Collected material ->
────

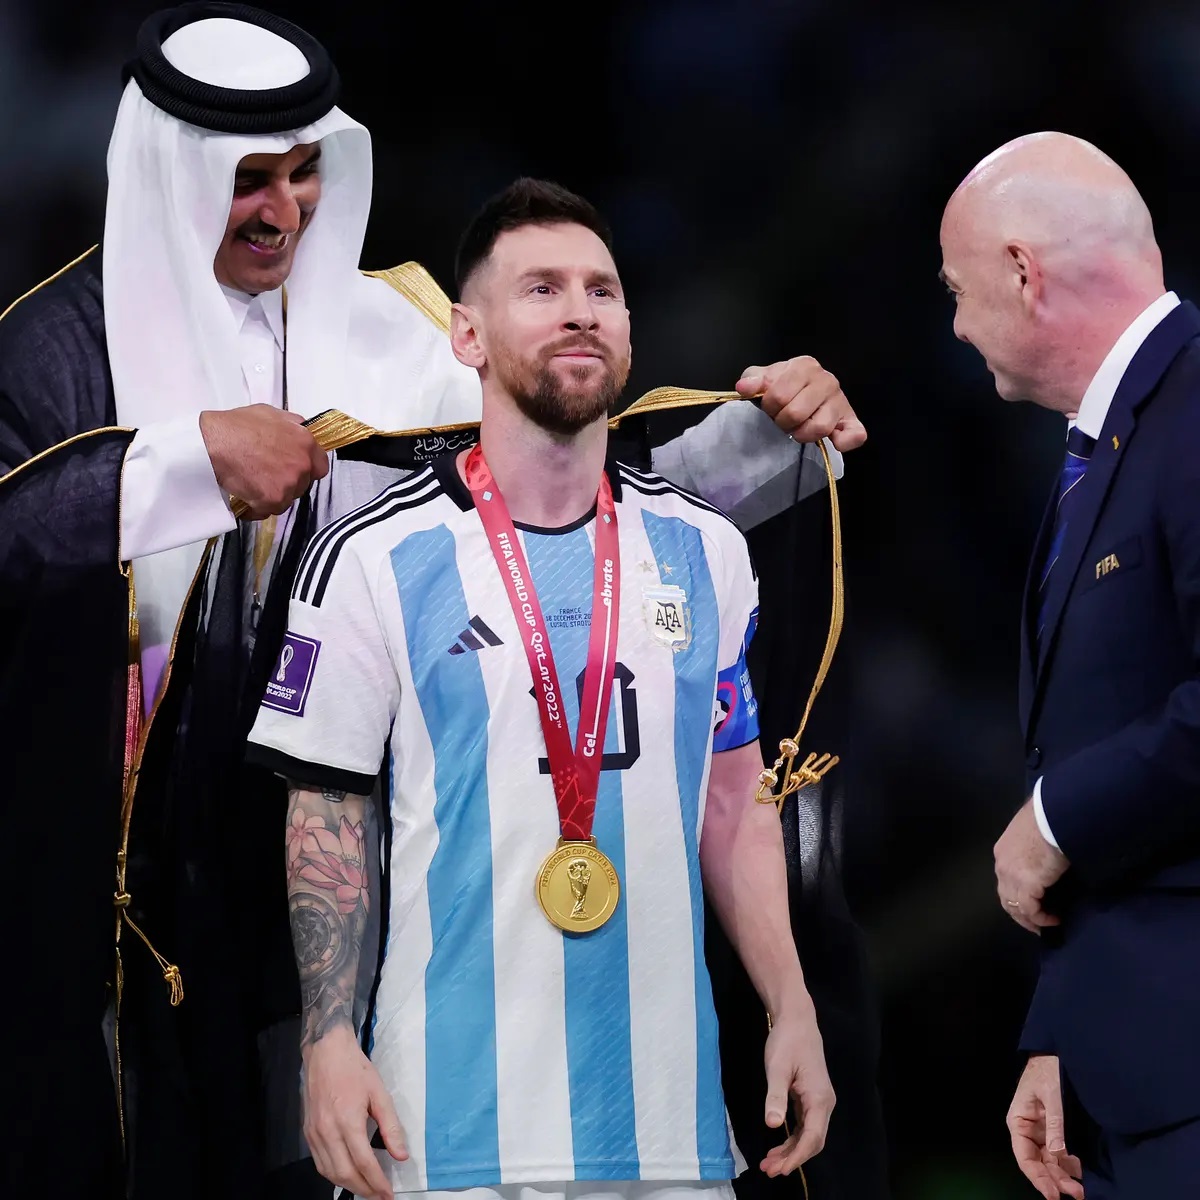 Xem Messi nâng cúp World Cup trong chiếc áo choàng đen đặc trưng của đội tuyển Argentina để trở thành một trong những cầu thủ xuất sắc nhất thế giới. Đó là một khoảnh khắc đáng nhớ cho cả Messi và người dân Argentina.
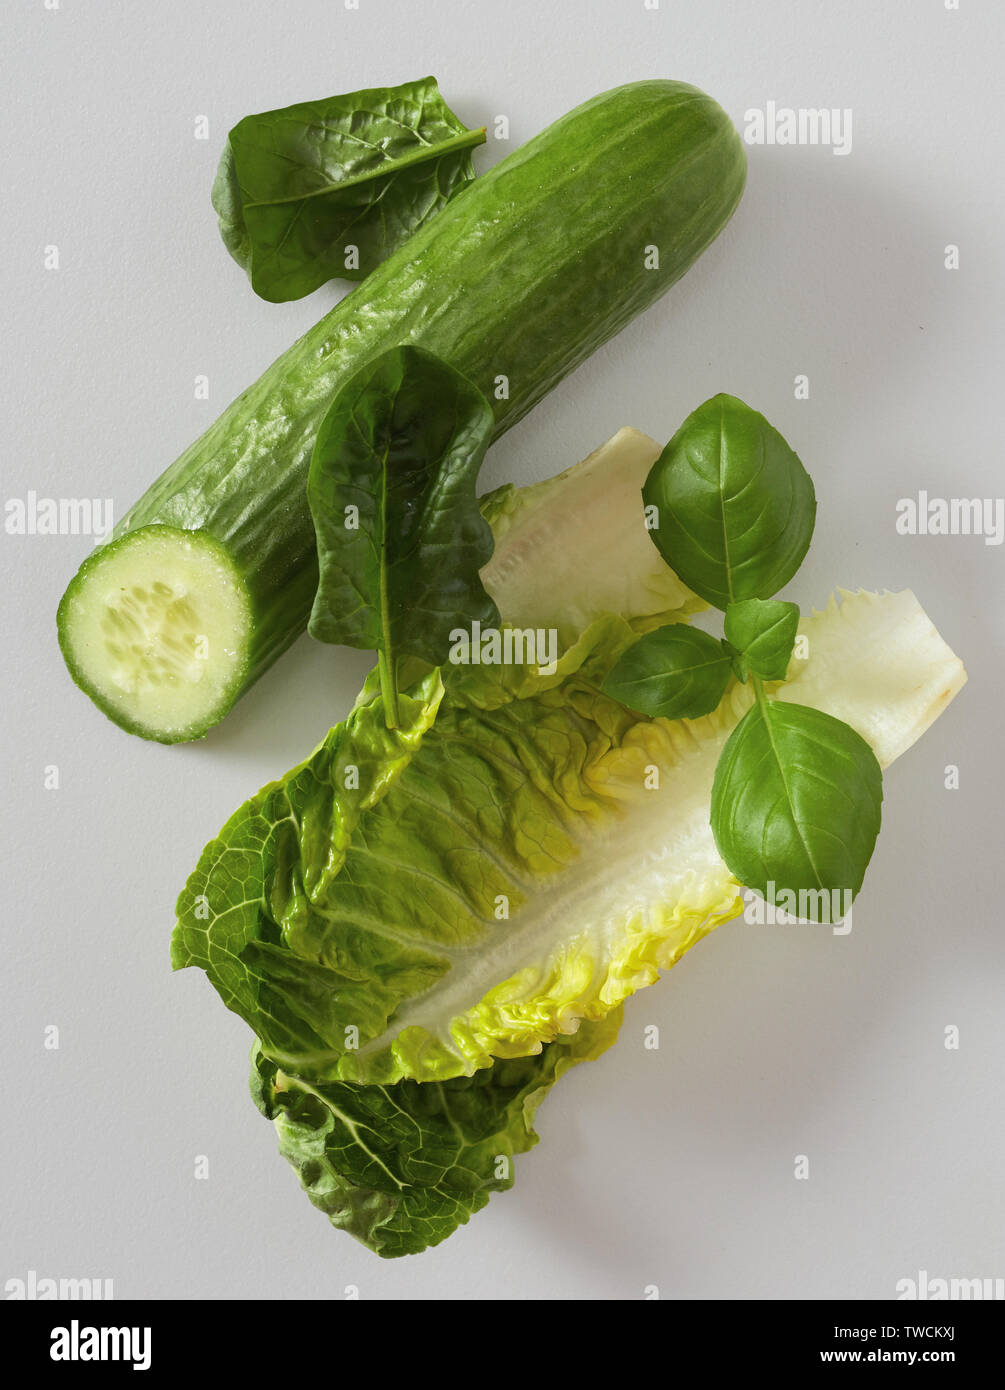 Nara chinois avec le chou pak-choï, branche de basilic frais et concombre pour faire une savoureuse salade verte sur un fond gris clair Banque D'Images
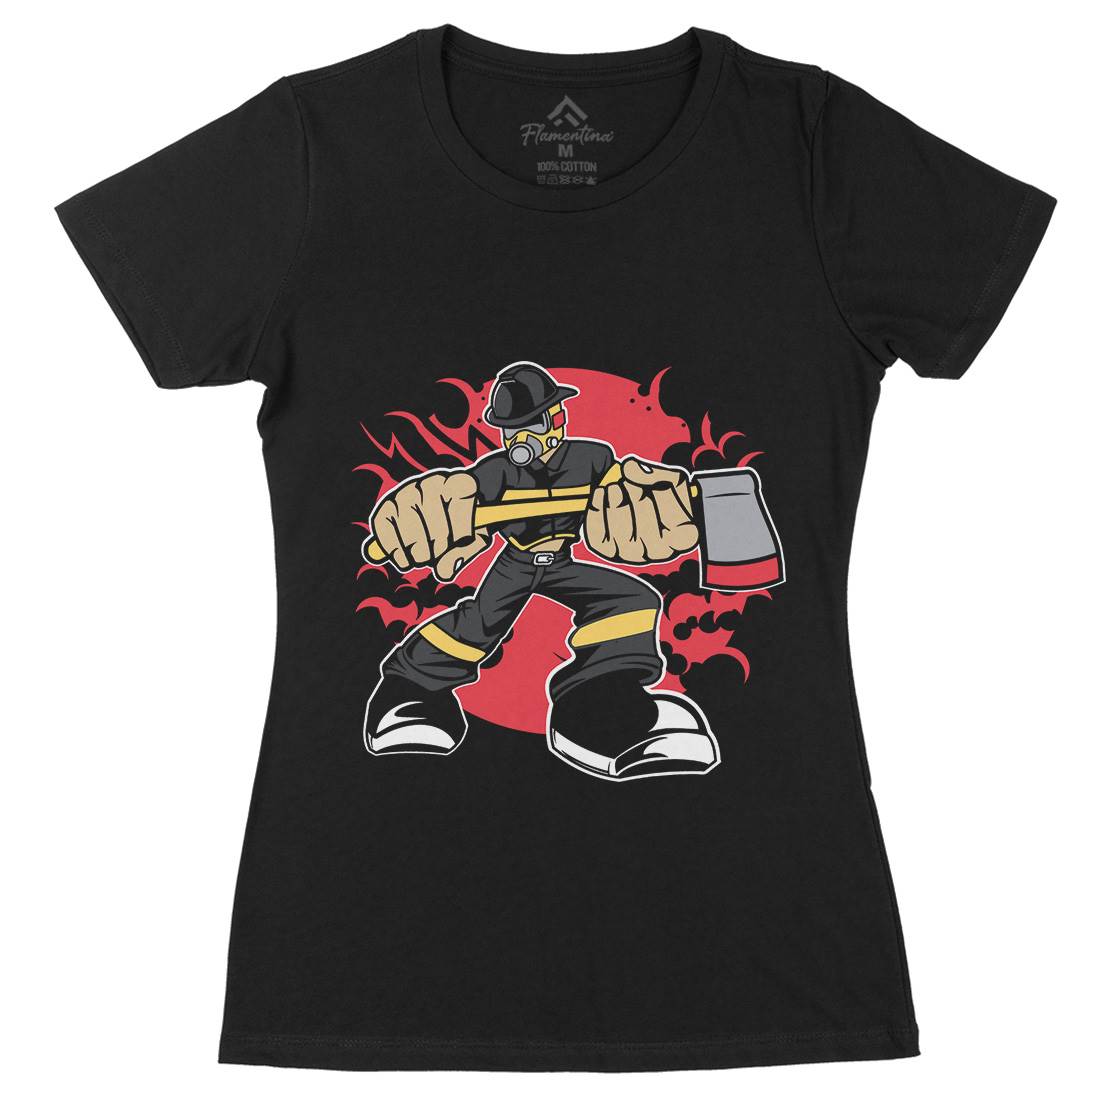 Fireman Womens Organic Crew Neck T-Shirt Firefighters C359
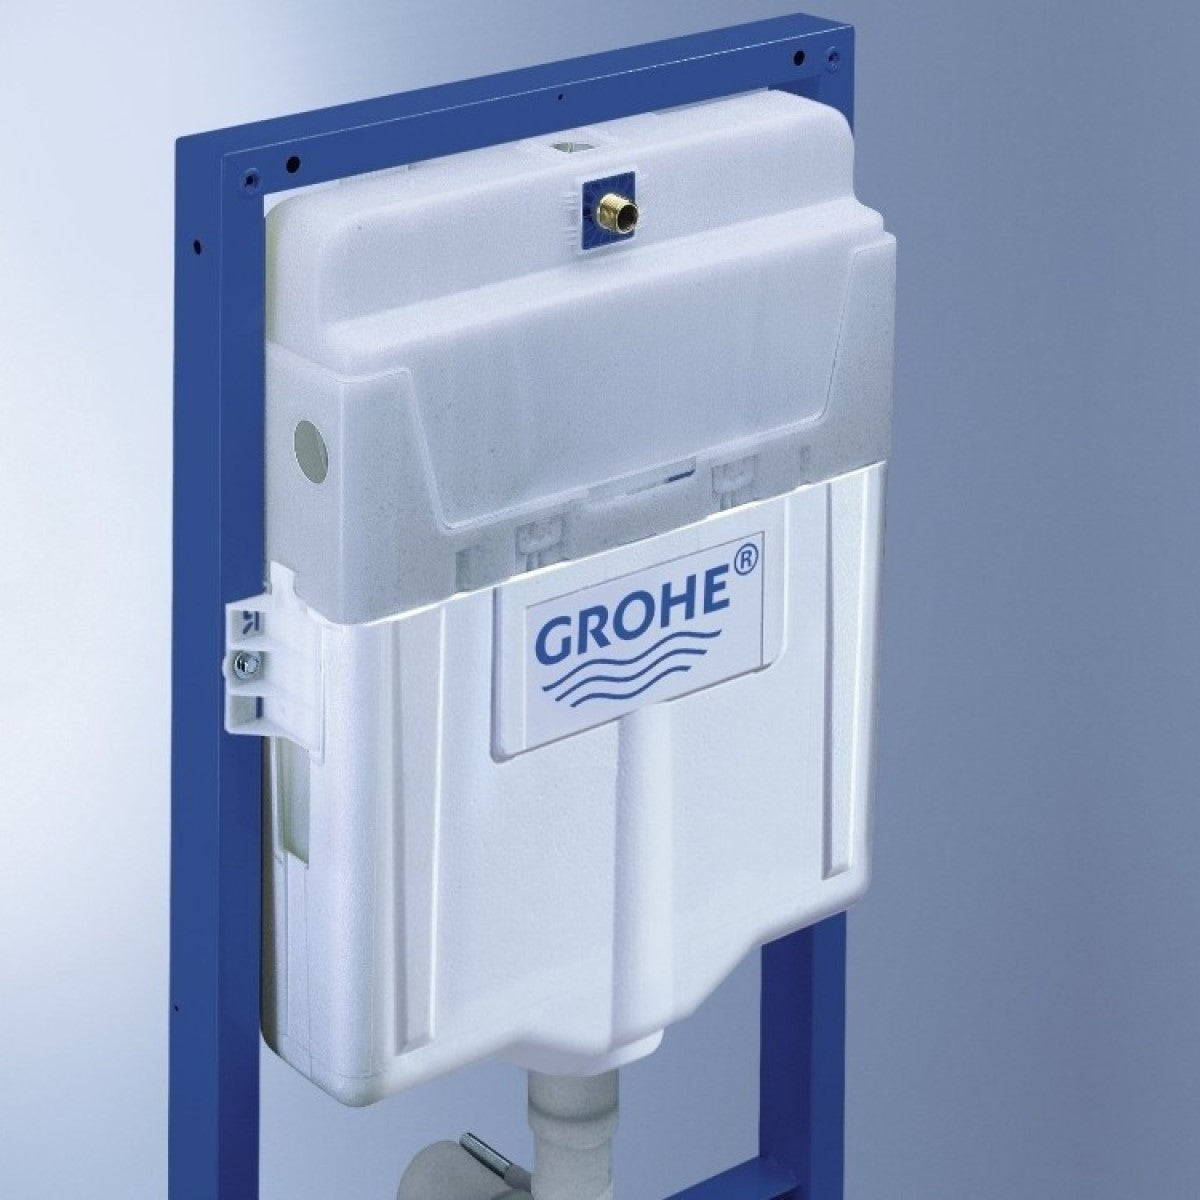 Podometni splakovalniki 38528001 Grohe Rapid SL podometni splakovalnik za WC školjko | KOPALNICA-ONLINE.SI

────

Print every line above exactly as given, but not the pictures.

 Xem Messi nâng cúp World Cup trong chiếc áo choàng đen đặc trưng của đội tuyển Argentina để trở thành một trong những cầu thủ xuất sắc nhất thế giới. Đó là một khoảnh khắc đáng nhớ cho cả Messi và người dân Argentina.
 Nara chinois avec le chou pak-choï, branche de basilic frais et concombre pour faire une savoureuse salade verte sur un fond gris clair Banque D'Images
 Fireman Womens Organic Crew Neck T-Shirt Firefighters C359
 Podometni splakovalniki 38528001 Grohe Rapid SL podometni splakovalnik za WC školjko | KOPALNICA-ONLINE.SI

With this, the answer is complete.